Вот посмотрите, мы затронули такую сравнительно второстепенную цель общества — заботу о потомстве, и сколько способов здесь пущено в ход, чтобы скрыть от индивидуума эту для него не нужную, его не касающуюся цель.
А что касается средств, направленных к поддержанию нынешнего (а не будущего) существования, общество здесь просто виртуозно.
Возьмем хоть нравственность. Она — самое могучее орудие в общественной борьбе за жизнь, она — средство — тоже считает себя целью. И общество всячески укореняет в ней это убеждение. «Нравственность для нравственности» — вот какого взгляда требует общество от личности. Кант до такой степени проникся этими взглядами, что требовал, во имя абсолютной справедливости, казни последнего преступника, даже и в том случае, если общество завтра- должно разрушиться9.
Довольно примеров… Приглядимся к ним поближе… Выдвинем порельефнее вот какую сторону: общество, требуя от индивидуума того, а не другого образа действий, — старательно скрывает от него их цель. Как оно это делает и для чего?
Как? Очень просто… Если какое-нибудь в принципе полезное дело окажется в данном случае бесполезным (напр., женские наряды после привлечения самца) — общество продолжает покровительствовать ему, как оно это делало, когда дело было ему полезно.
Графически я представляю себе это так: когда данная линия дойдет до своей цели, она не останавливается, а идет себе дальше, и потом, увидавши, что линия пошла дальше, люди говорят: видите, эта точка вовсе не цель. Эта линия служит сама себе целью. И вот, если вы попробуете сказать какой-нибудь даме, что она приукрашивается с такой-то и такой-то целью, она, во-первых, обидится (так обмануло ее общество), скажет, что с вашей стороны низко- и пошло предполагать какие-нибудь цели, а во-вторых, легко сможет доказать, что она любит красиво одеваться для самой себя, а не для кого-нибудь другого, что будь она на необитаемом острове, она точно так же заботилась бы о красоте своей одежды, как и здесь, и т. д. Вот линия, которая пошла дальше своей цели.

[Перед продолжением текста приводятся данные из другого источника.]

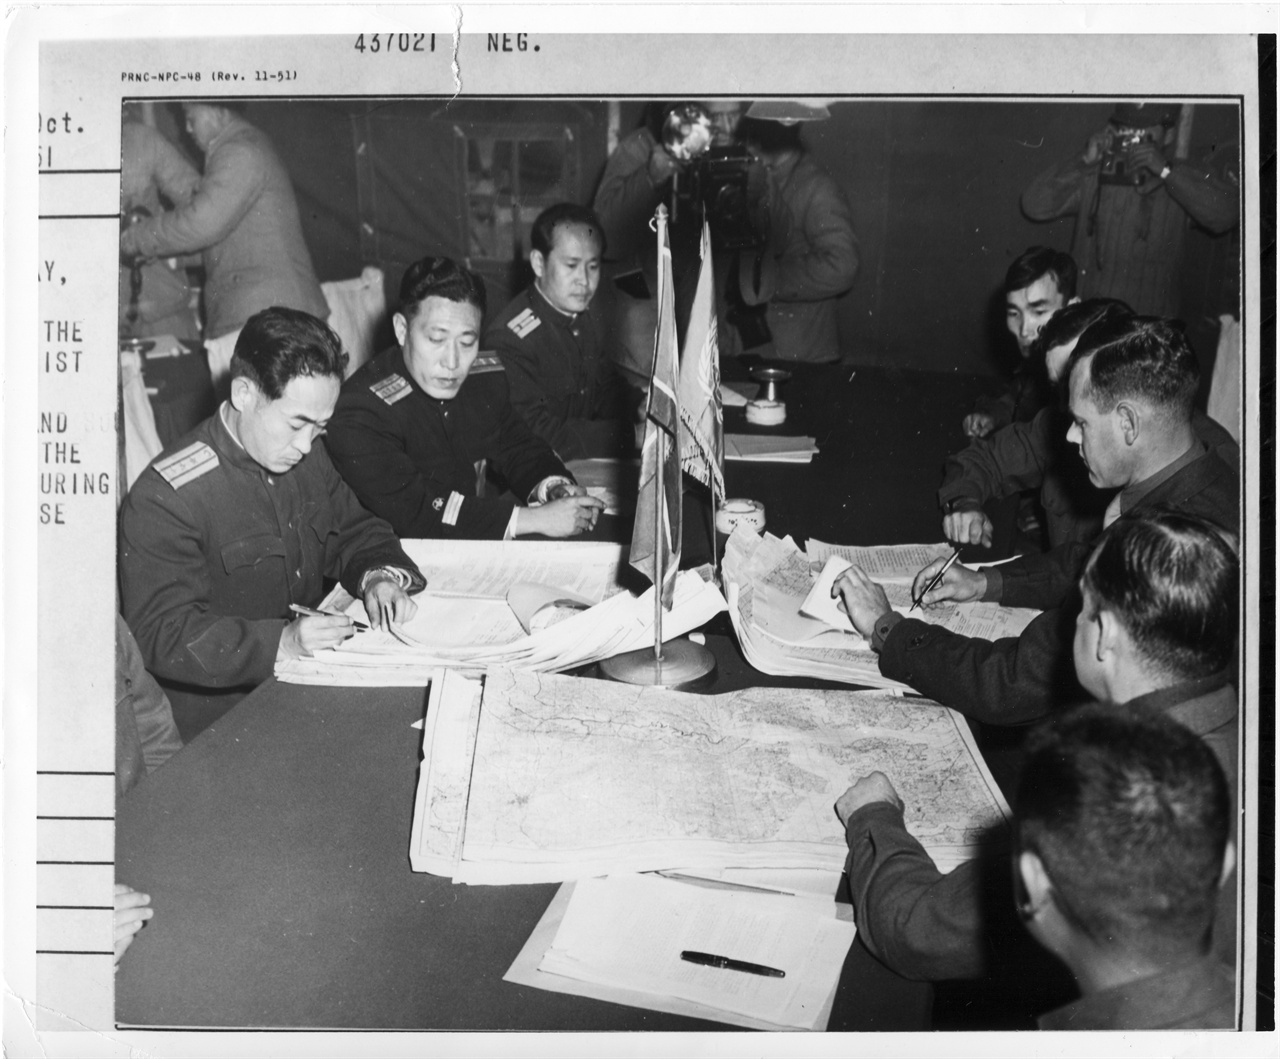  1951. 10. 11 정전회담 양측 실무자들이 지도를 펴놓고 휴전선에 대하여 논의하고 있다.

Но ведь раз общество так настойчиво стремится спрятать концы своих линий, значит, у него есть и в этом какая-нибудь цель, значит, ему полезно скрыть во всех своих институтах мысль о полезности. Не станет же оно зря тратить такую массу энергии понапрасну! Зачем ему продолжать полезную линию даже и тогда, когда она заведомо бесполезна? Нет ли ему какой-нибудь пользы в том, что оно поддерживает эти бесполезности?
III
Общество, как и все другое, создано по единственному мотиву и с единственной целью — победы в борьбе за существование. Как и когда оно создалось, сейчас я не затрагиваю. Для меня интересно то, что человек, выбрав общество своим орудием, своей защитой, доверился ему и, переставши употреблять энергию на борьбу, стал тратить ее на защиту этой своей защиты. Общество только тогда могло бы успешно существовать, если бы борьба его членов была доведена до минимума. И вот человек принужден отречься от этого единственного источника своего совершенства — борьбы. «Пусть я не буду совершен, я все же одержу победу, если общество одержит ее», — вот что говорит Личность и, чуя свою выгоду, беспрекословно исполняет все требования общества. Каждое действие индивидуума идет на потребу этого благодетеля — тирана. Даже самые возмущения личности против общества, все эти Ницше, Ибсены, Горькие, эти крики: блажен, кто стоит одиноко, — все это тоже полезно ему, ибо, раскачивая все буржуазные основы, идеи эти проводят в жизнь другой класс, более полезный, более пригодный для будущих условий производства, более нужный обществу в его дальнейших модификациях, и, право, иной раз, когда я слышу все эти протесты личности против общественного рабства, мне чудится, что оно, это хитрое общество, ухмыляется и говорит расходившемуся сверхчеловеку: «Ругай меня, голубчик, сколько влезет. Плюй на меня, сколько угодно, этим ты куешь новые цепи на новых моих рабов». На каждое проявление личности общество наложило свою тяжелую лапу, и все, что ни делает личность, все это нужно не для нее самой, а для общества. Ну а если б она не делала этого? Она погибла бы. Значит, она делает это не для общества, а для самой себя.
Вот дилемма…
Человек — раб, пешка, ничтожество… Своего собственного у него нет ничего. Им ворочает что-то чужое, постороннее, что-то такое, к чему человек с первого взгляду и не имеет никакого отношения. Свободы воли, что бы там ни говорил Гегель, у человека нет ни на грош. Он весь в тисках необходимости. Но дивная иллюзия свободно у него проявляется при каждом его поступке… «Я хочу сделать это — и делаю», — говорит человек… — Так-то оно так, да почему ты захотел этого? Каждое желание твое, — оно подсказано кем-то другим, оно кому-то другому нужно, — а ты лично здесь совершенно ни при чем.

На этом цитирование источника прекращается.